British Columbia

Transit advocates call for hydrogen trains on century-old Fraser Valley rail corridor

TransLink in early stages of examining whether interurban rails could be used for public transit.

Translink in early stages of examining whether interurban rails could be used for public transit.

The Coradia iLint trains are the world's first and only hydrogen fuel cell powered passenger trains. Advocates in the Lower Mainland are hoping to bring them to the Fraser Valley. (Rene Frampe/)

As a long freight train thunders past Rick Green along the Langley Bypass, he can't help but wonder why the century-old tracks aren't being used to transport commuters.

"How come this hasn't happened?" asks Green, who is the township's former mayor. "If you don't have proper transportation, you've got nothing."

While Vancouver and Surrey move ahead on major SkyTrain projects, Green says there's a notable absence of rapid public transit options between communities in the Fraser Valley.

Rick Green, former Langley mayor, says increased transit options will help commuters travel between suburbs in the Lower Mainland, and reduce congestion on Highway 1. (Jon Hernandez/CBC)

But he says there's an affordable solution to the problem.

Green is part of a group called South Fraser Community Rail, and members are actively campaigning TransLink and municipalities across the region to get onboard a proposed hydrogen-powered train transit project that would connect Surrey all the way to Chilliwack — utilizing land that's already owned by B.C. taxpayers.

Interurban rails

A network of interurban rails connect Surrey all the way to Chilliwack. The Fraser Valley corridor is more than a century old, and was even used for passenger travel until the 1950s, when it reverted to freight-use only.

Freight rights are currently owned by both Southern Railway of B.C. and Canadian Pacific Railways.

But the province has rights to the land through its Crown corporation, B.C. Hydro, and can reintroduce passenger service to the corridor in the future, according to a sales agreement from 1988.

Interurban rail corridors connect municipalities across the Lower Mainland, including a 99-kilometre stretch from Surrey to Chilliwack. (Martin Diotte/CBC)

"The freight companies have to provide adequate time for use of passenger [service]," said Green, referring to a master agreement between C.P. Rail and B.C. Hydro.

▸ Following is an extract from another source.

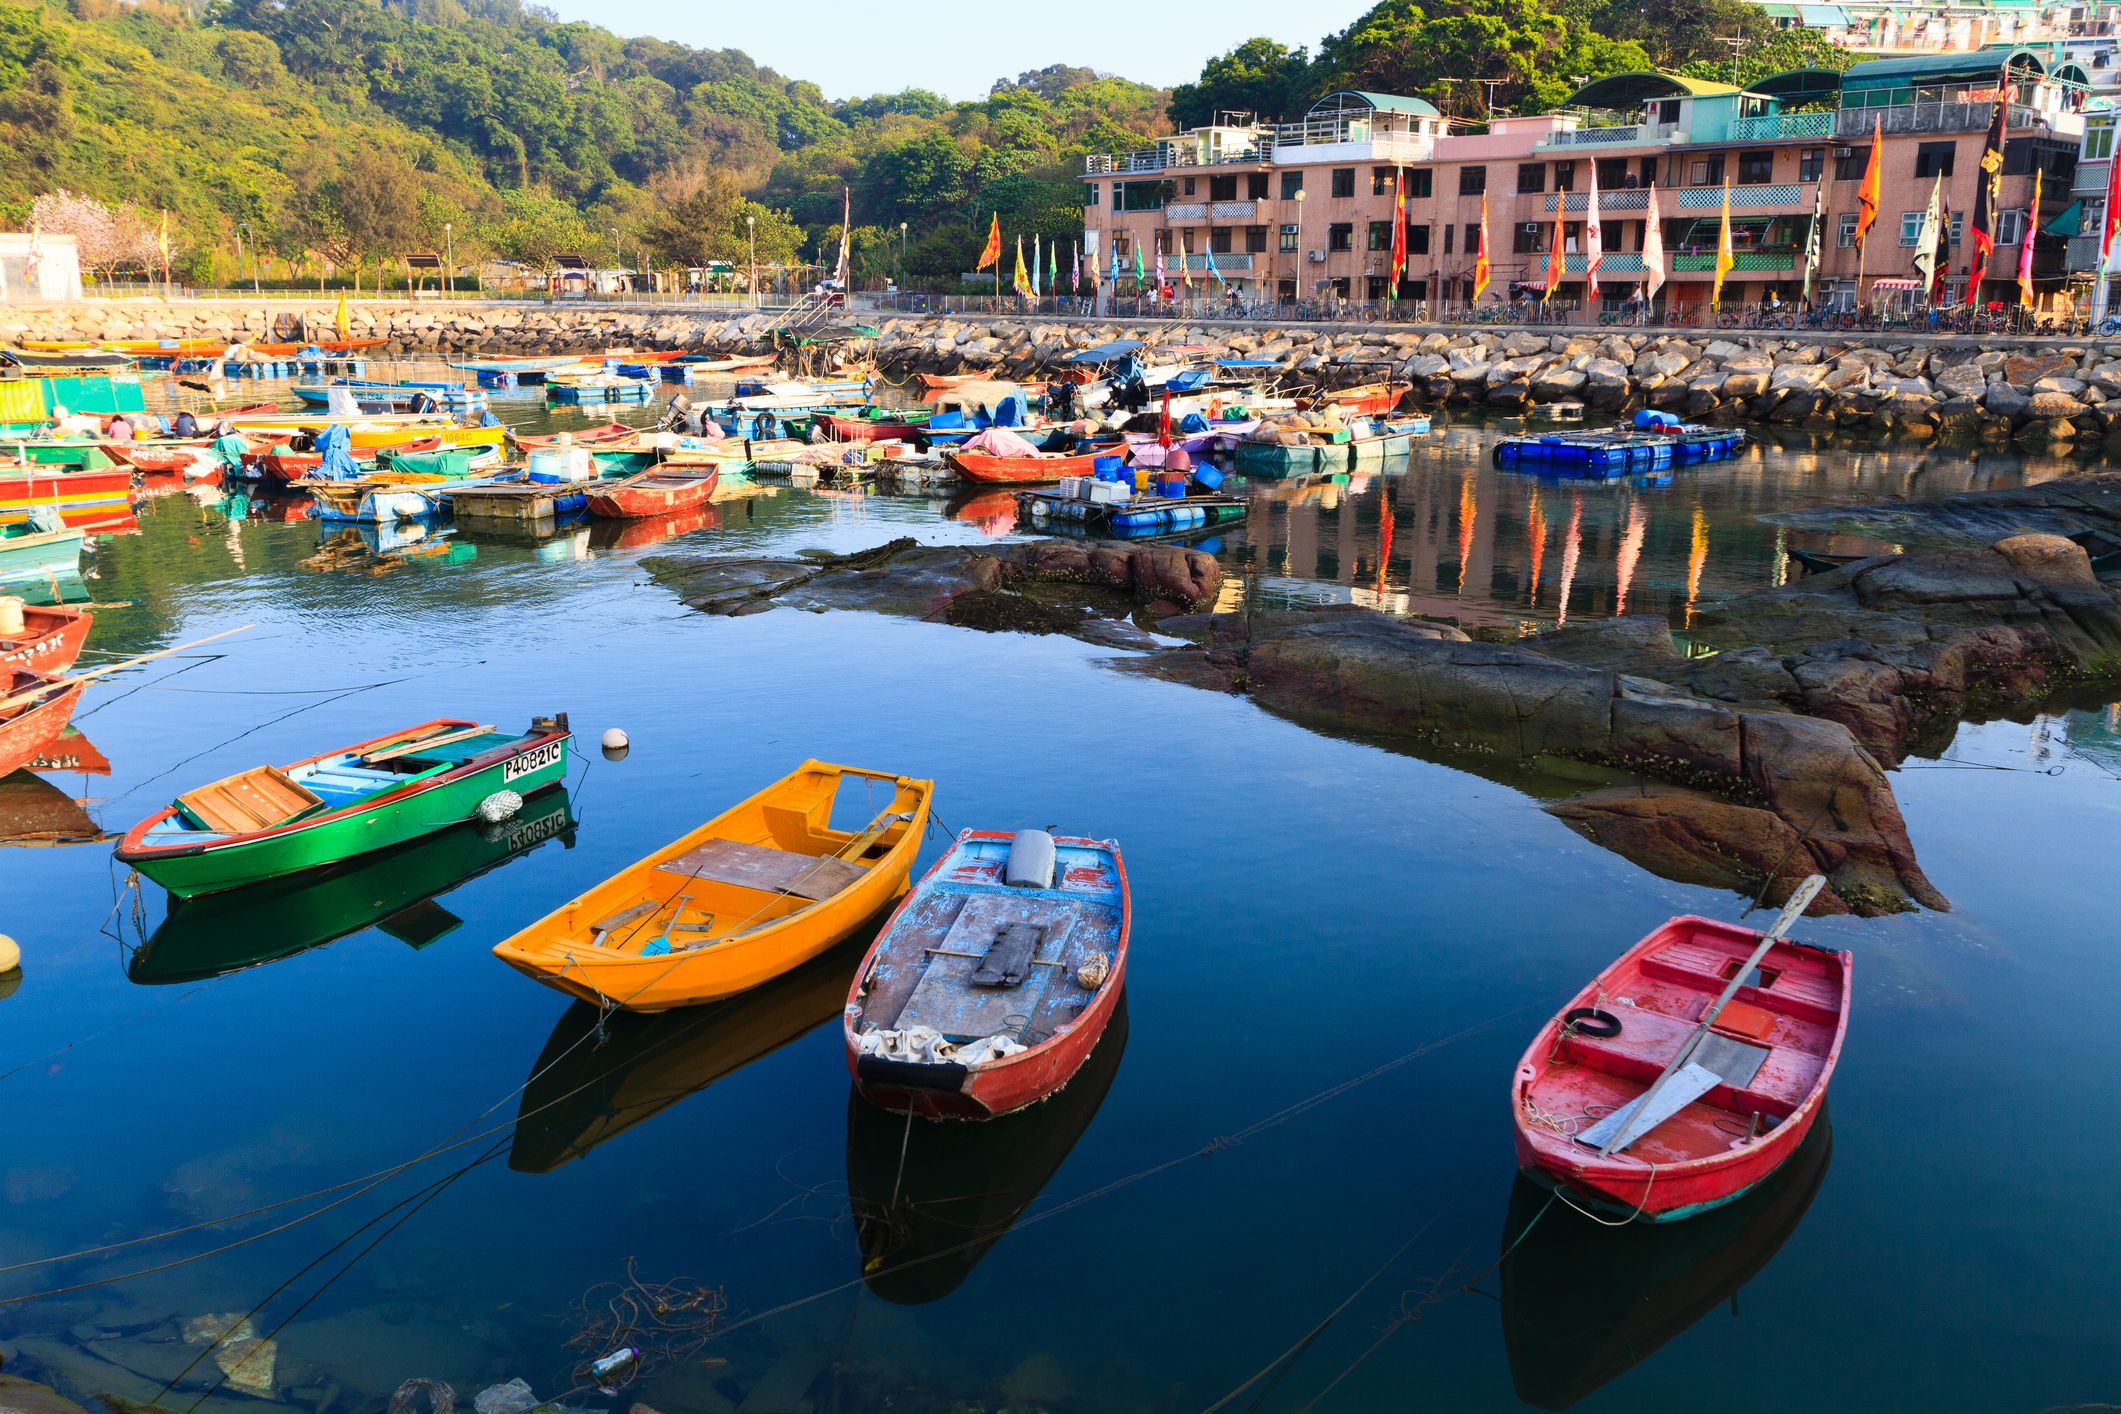 Hòn đảo Cheung Chau hấp dẫn khách du lịch Hồng Kông mùa hè với lễ hội Bun hằng năm,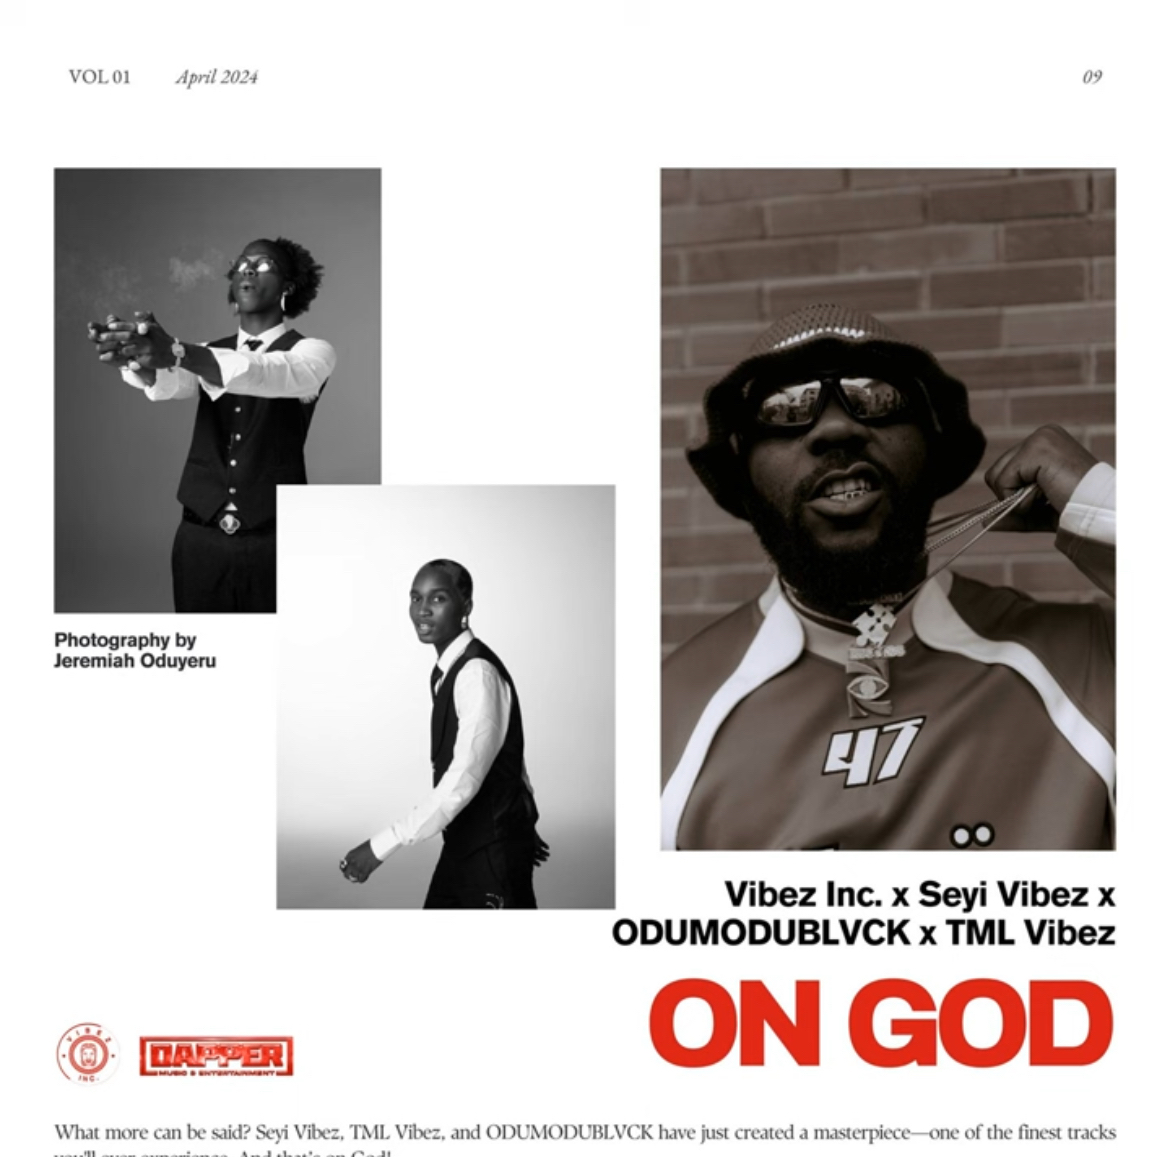 Vibez Inc On God Ft. Seyi Vibez, ODUMODUBLVCK & TML Vibez

In a statement to CBC News, TransLink said it's in the early stages of assessing how these interurban rail corridors could be used for public transit.

Hydrogen-powered train

While no plans are set in stone, the South Fraser Community Rail is strongly advocating for a hydrogen-powered train to eventually carry commuters along the 99-kilometre stretch between Surrey and Chilliwack.

Hydrogen trains are currently operating in Germany. They run on hydrogen fuel cells and are said to only emit a mix of water and steam.

The proposed transit route would have 12 ground-level stops between Surrey and Chilliwack. (South Fraser Community Rail)

Since the land is already available, the group says the project could be done for $12.5 million per kilometre. By comparison, the Broadway SkyTrain extension will cost up to $500 million per kilometre.

"This whole line, 99 kilometres, could be re-activated with a state-of-the-art hydrogen rail, for about $1.5 billion," said Green. The proposed line would have 12 major stops, including Newton, Langley, Abbotsford, and Chilliwack.

The group says it has a meeting with TransLink's planning committee in April.

The transit authority did not confirm that meeting, but said it welcomes the group to make a presentation to the Mayor's Council during the public delegation portion of its next session.

TransLink says its first priority is to follow through on the Mayors' 10-Year Vision. It's currently in the process of updating a long-term transportation strategy that will incorporate potential uses of interurban rails.

Public consultations will begin this summer.